If `subproject` is omitted, the server picks the first subproject that
defines a non-empty command for the requested recipe kind.
### `crafting_table_get_job`
```jsonc
// args:
{
"job_id": "<uuid>"
}
// returns: two content blocks:
// [0] plain text — short summary (status, exit_code, last 30 log lines)
// [1] JSON — {"job": {...}, "log_tail": [...]}
```
The two-block layout means the LLM consumer sees the prose summary directly
without having to parse JSON, while tool-calling agents that want to
introspect can still get the full structured response from the second
block.
### `crafting_table_get_findings`
```jsonc
// args:
{
"job_id": "<uuid>"
}
// returns: two content blocks:
// [0] plain text — short summary ("3 finding(s). by severity: warn=2, high=1. by kind: lint=2, cve=1.")
// [1] JSON — {"findings": [{kind, severity, file?, line?, code?, message, suggested_fix?}, ...]}
```
Each finding has `{id, job_id, kind, severity, file?, line?, code?,
message, suggested_fix?, fingerprint, created_at}`. Empty list means
either the job had no issues OR there's no parser yet for the language —
check `crafting_table_get_job` for `exit_code` to disambiguate.
### `crafting_table_draft_patch`
```jsonc
// args:
{
"job_id": "<uuid>", // required
"finding_id": 42 // optional; if omitted, drafts patches for all open findings
}
// returns: {"ok": false, "pending": true, "message": "draft patch — not yet implemented (lands in wave 3 / step 9)"}
```
**Wave 2B stub.** The tool surface is callable today so MCP clients that
cache tool catalogues don't have to re-handshake when wave 3 ships. No
patch is drafted right now — the message says so explicitly. Once wave 3
lands, the server will:
1. Pull the finding(s) off the job
2. Send them to clawdforge with the project context
3. Get back a unified diff
4. Apply in a worktree, re-run the failing recipe
5. If it passes, push to a `crafting-table/auto/<finding-id>` branch and
open a Gitea PR
## Testing
```sh
pip install -e 'mcp[test]'
python -m pytest mcp/tests
```
The tests stub out the HTTP layer with `responses` — no live crafting-table
required.
## Operational notes
- **stdout is sacred.** The MCP transport pipes JSON-RPC frames over
stdin/stdout. Any stray `print()` in the server process corrupts the
stream. All diagnostics go to stderr via the `crafting_table_mcp` logger.

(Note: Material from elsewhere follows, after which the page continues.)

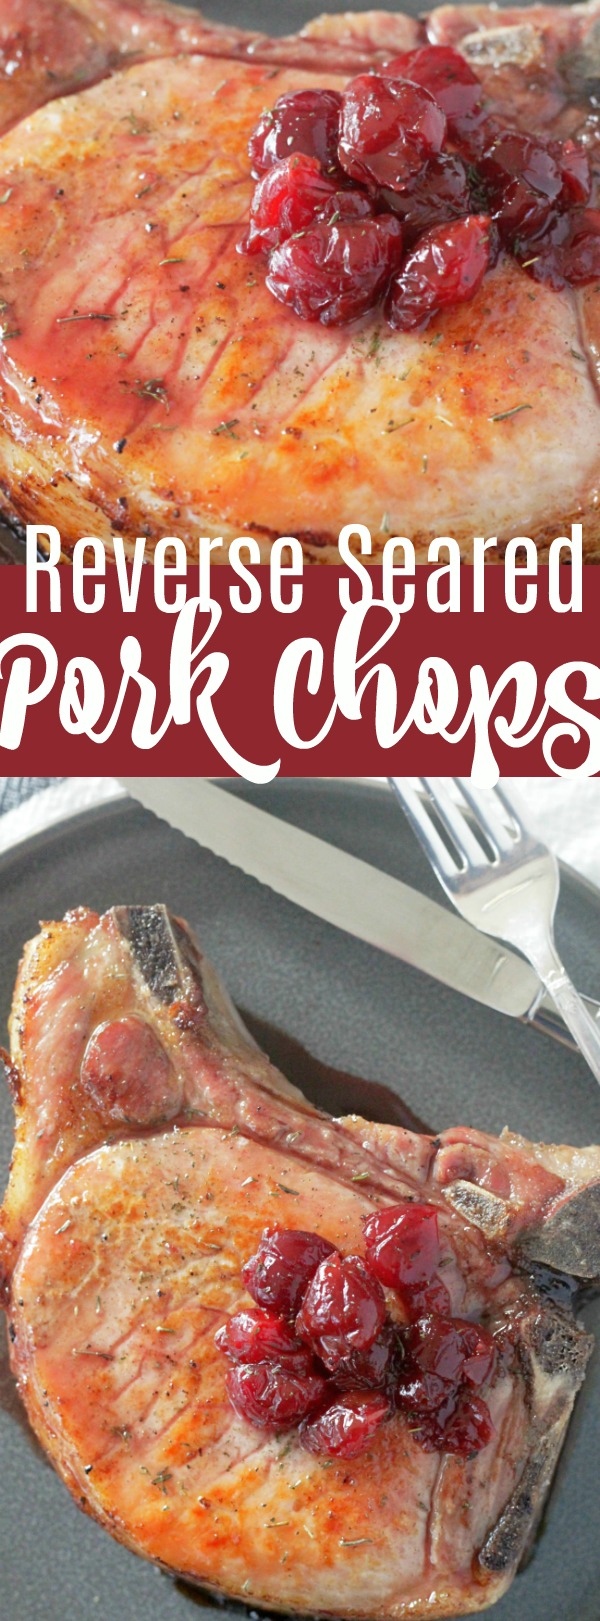 Reverse Seared Pork Chops with Cherry Pan Sauce #porkrecipes #porkchops #datenightdinnerrecipes #ohpork #ad via @foodtasticmom
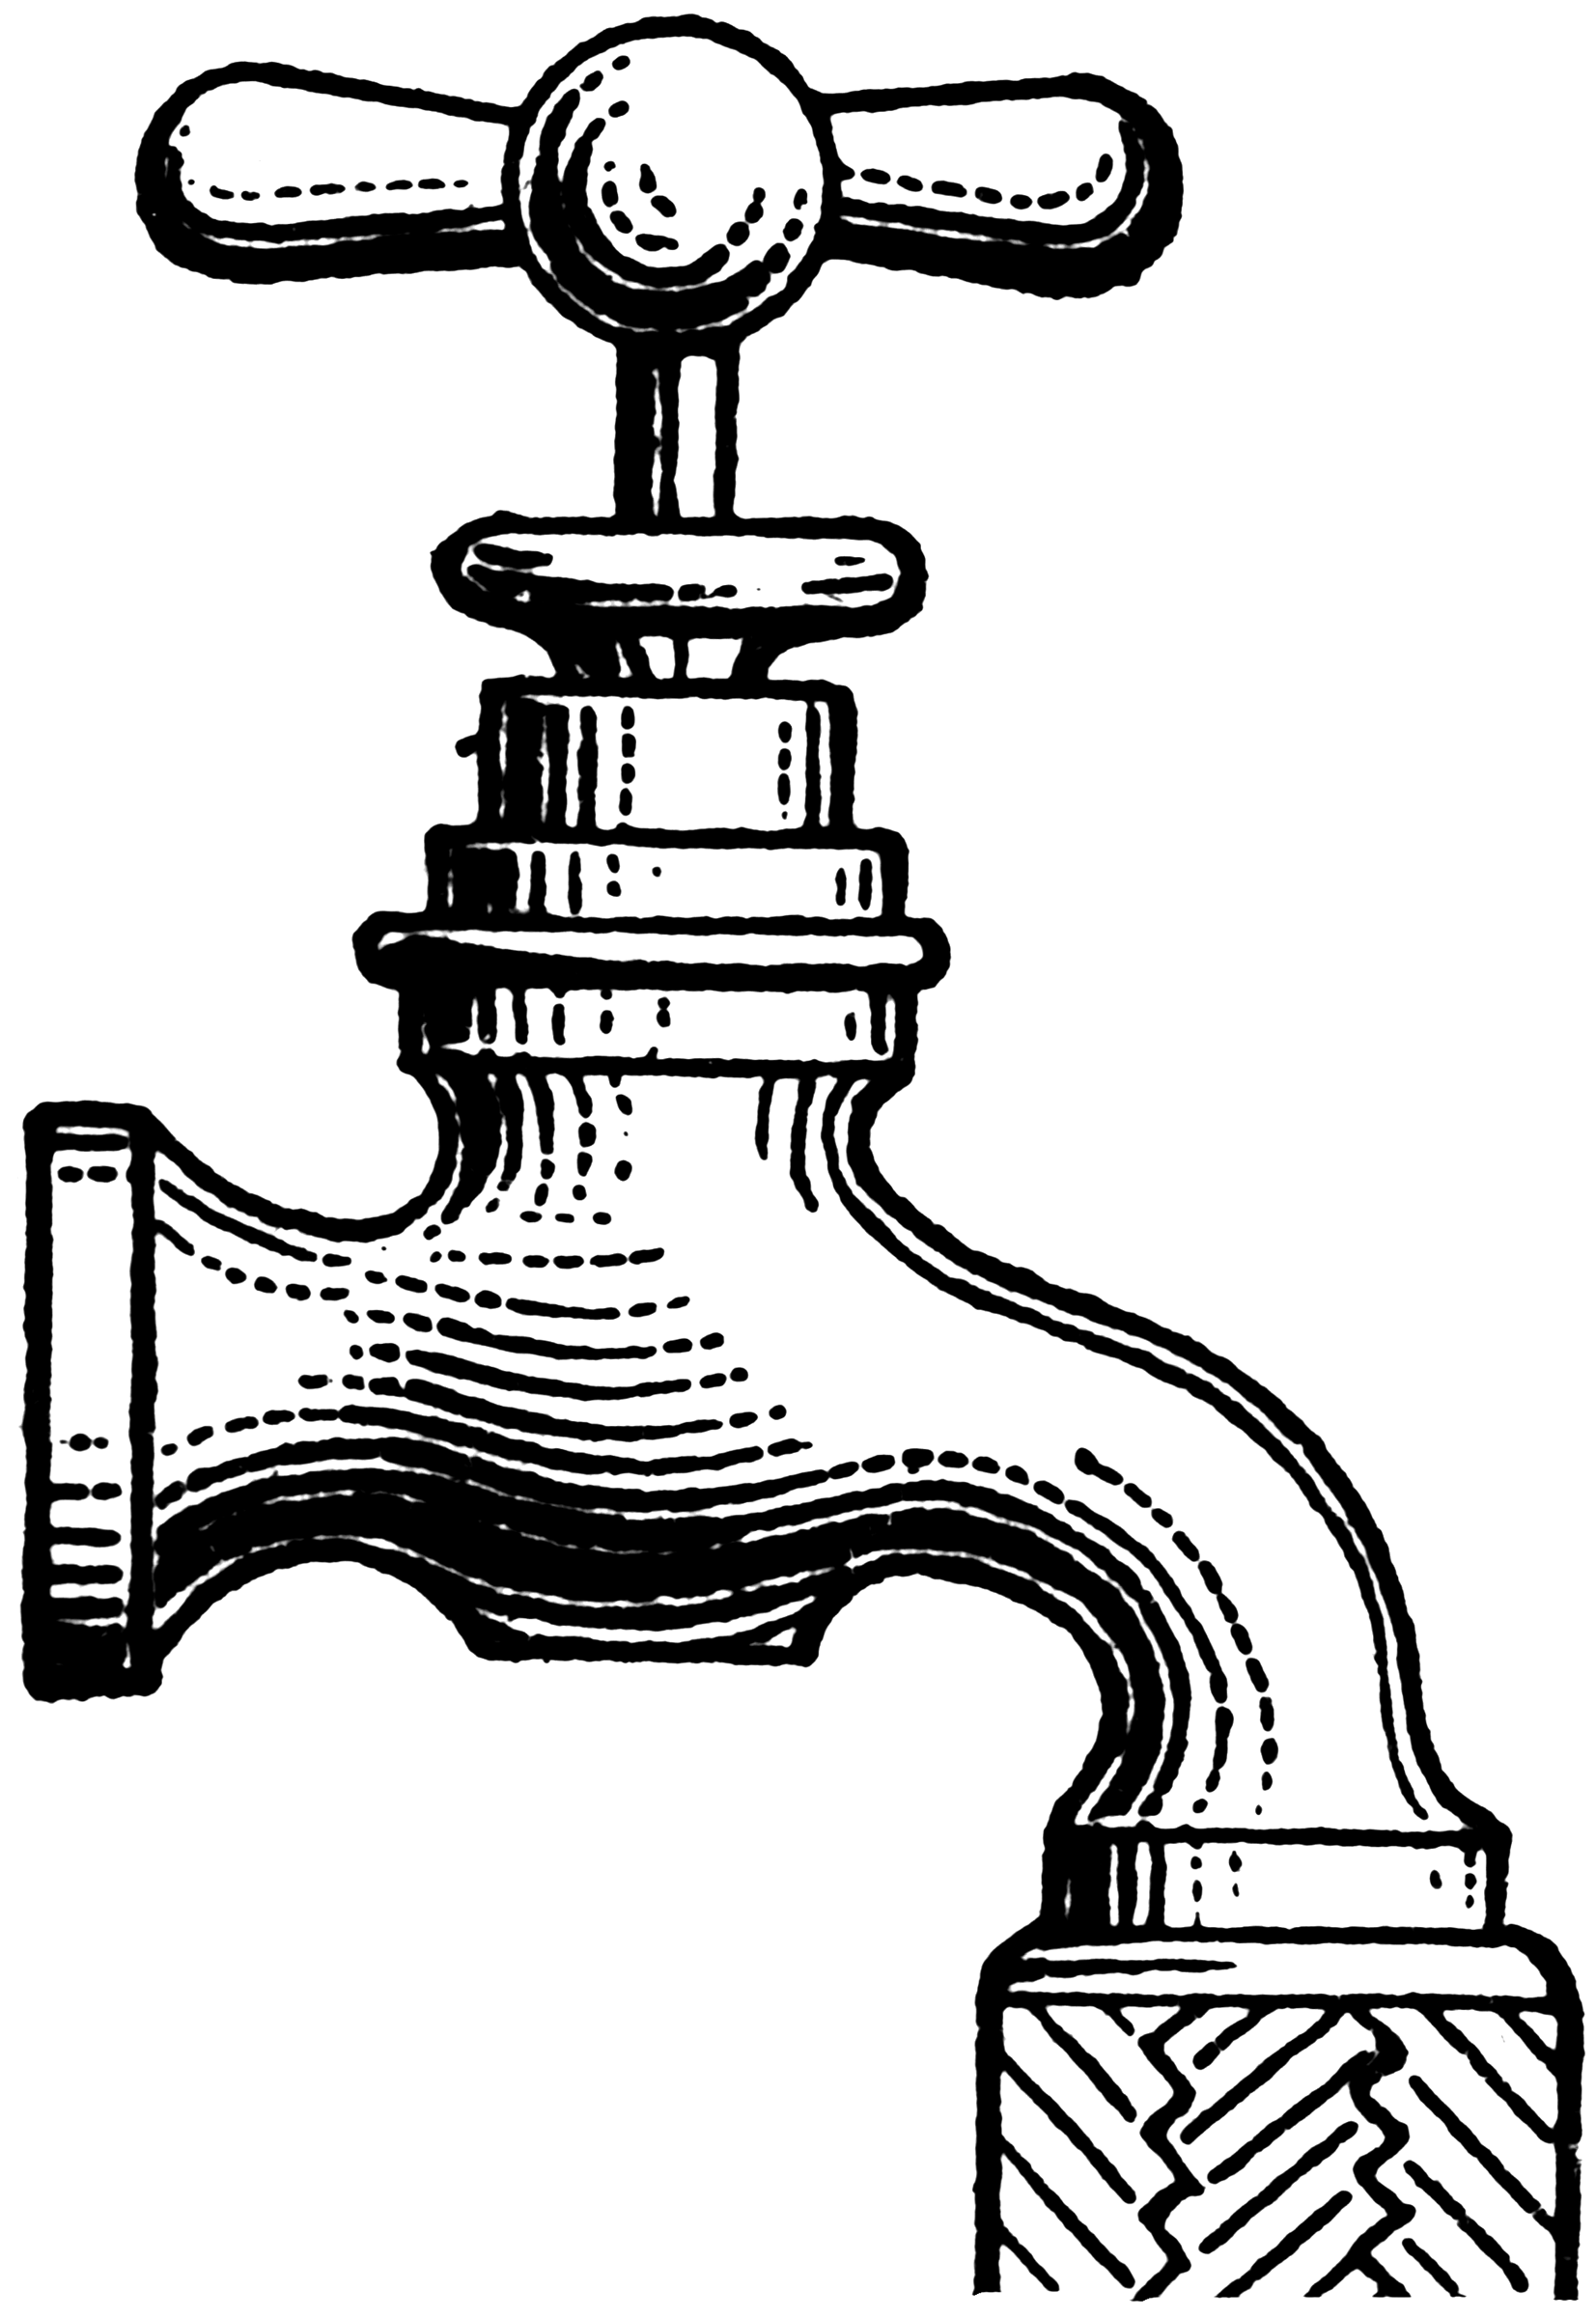 Водопровод рисунок. Кран водопроводный. Кран с водой рисунок. Векторное изображение водопровод. Tap рисунок.

- **Errors are wrapped, not raised.** Auth failures, transport errors,
upstream 502s — all get formatted into a single short `crafting-table
error: ...` text content with `isError=True`. Callers see a clean message,
not a Python traceback.
- **Sync calls under async.** The MCP SDK is asyncio; our HTTP client is
blocking `requests`. Each tool offloads to `asyncio.to_thread` so a slow
HTTP call doesn't stall heartbeats.
- **404 hints.** When a tool surfaces a 404 (project or job not found),
the wrapper appends a hint pointing the LLM at
`crafting_table_list_projects` so it can self-recover.
## Why this exists
crafting-table centralizes the polyglot build/audit toolchain on one LAN
host so every Sulkta repo doesn't need each agent to ship its own swift /
rust / dotnet / php toolchain. MCP is the natural integration layer — any
MCP-aware client (Claude Desktop, Claude Code, Cursor, Zed, custom agents)
can now treat crafting-table as a native tool surface. Spec lives at
`memory/spec-crafting-table.md` in the openclaw-workspace repo (LAN-only).